You’ve doubtless been spending a whole lot more time at home these past months, and maybe you’ve been watching tons of DIY remodeling and decorating shows and are itching to get to it yourself. Just beware that those TV shows can make some jobs look a great deal easier and even less costly than they are. So here are some tips you should read before you jump into the project with both feet.
Make Two Lists
One should be a list of the things that need to be done for maintenance or safety, and one should be a list of the things that involve upgrading and decorating. The second list is going to be more fun, but you don’t need to be told to put the important shoulds first. While you’re at it, consider getting a home warranty plan that covers all your appliances, so they’ve taken care of. Personalized plans will let you find home warranty prices that are affordable and take the burden off your shoulders.
Draw Up A Budget
Even if you have a fair amount of money to spend, you want to use it wisely and where it will count. Before you pull out that debit card, research prices and learn where you can find the best deals. Prioritize your purchases, so you’re not putting quantity over quality. Cheap stuff might be tempting, but it doesn’t last.
Assess Your DIY Skills
Good intentions and the go-to-it spirit to do something will only take you so far. If you or your spouse has never done anything more technical than hanging a curtain rod, diving into a big project or one that requires serious power tools is not the way to begin. Those DIY shows on TV may make it look like a snap, but if you don’t know what you’re doing, swinging sledgehammers to knock down a wall can lead to a lot of complications.
Study Up Before You Start
No matter what project you’re planning, there are endless numbers of informational how-to manuals as well as resources available here and elsewhere online. If they’re available to you, it may be advisable to take a workshop at your local home improvement store or find a course at a nearby community college.
Don’t Start Something You Can’t Finish
While you’re considering your skills, think about your available time, too. If you’ve got a lot of work or family demands, don’t plan a project that you can’t complete in a reasonable amount of time. Living with a torn-up kitchen is going to wear on you and make you feel guilty and frustrated every time you can’t get back to finish things. Home and family life for the duration isn’t going to be very happy, either.
Get Professional Help When You Need It
Most projects involving electricity, gas, and major plumbing are not for novices. Neither is roofing or hanging garage doors. Hiring professionals to do that kind of work is demonstrably better for your house and safer for you. And while it might cost you more at the start, it’s going to save you money in the long run.
Consider Resale Value
Even if you’re not planning to sell your house in the foreseeable future, it’s worthwhile to keep resale value in mind when you plan your projects. Not to put a damper on your creativity, but some changes to your home will enhance its value, and some might do just the opposite. Real estate experts agree that these are the improvements that buyers appreciate:
- Kitchen Upgrades: New energy-saving appliances, solid surface countertops, efficient cabinets and workspaces, good lighting.
- Bathroom Upgrades: Water-saving toilets, updated shower, and sink fixtures, good mirrors, and lighting. If tubs or sinks look worn, professional re-glazing is an alternative to buying new ones.
- Double–Paned Windows: If you’re replacing windows or sliding doors, install double-paned glass that insulates from cold in the winter and heat in the summer to make rooms more comfortable as well as saving energy.

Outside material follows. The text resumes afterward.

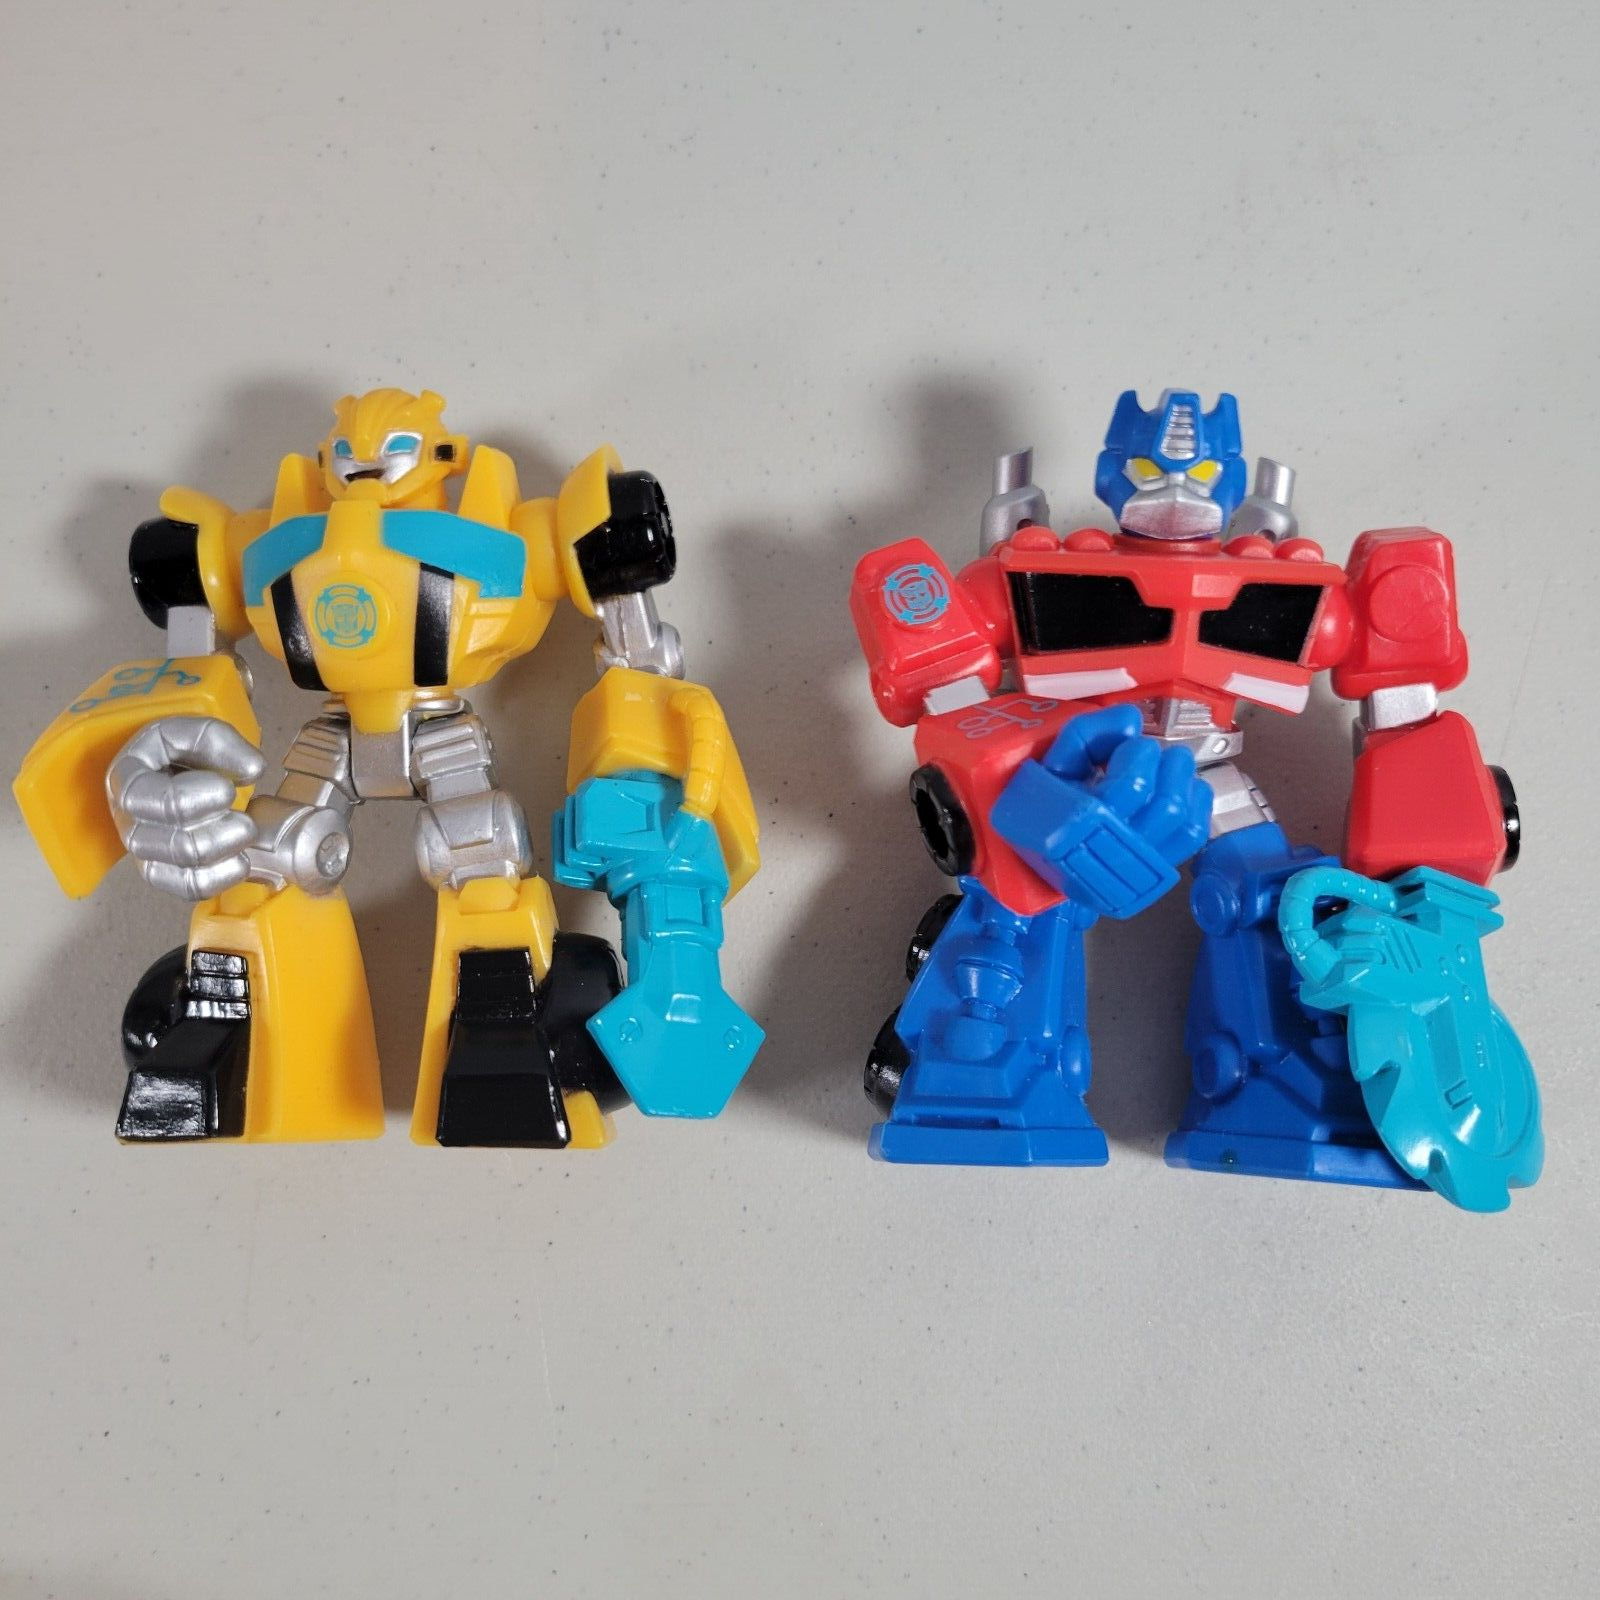 Playskool Heroes Transformers Rescue Bots Bumblebee Optimus Prime Action Figure - $9.89

- Wood Floors: Carpeting is comfy for bedrooms, but wood flooring in other rooms is more durable, easier to clean, allergen-free, and buyers love it. If your budget doesn’t take hardwood, choose engineered wood or wood laminate.
- Classic Rather Than Trendy: If you’re investing in permanent improvements, don’t go for the trend of the moment. If you’ve seen it everywhere, it’s probably going to be outdated before long. The same goes for quirky personal touches; save them for decorative objects you can switch out easily when their time has passed, or your interest has waned.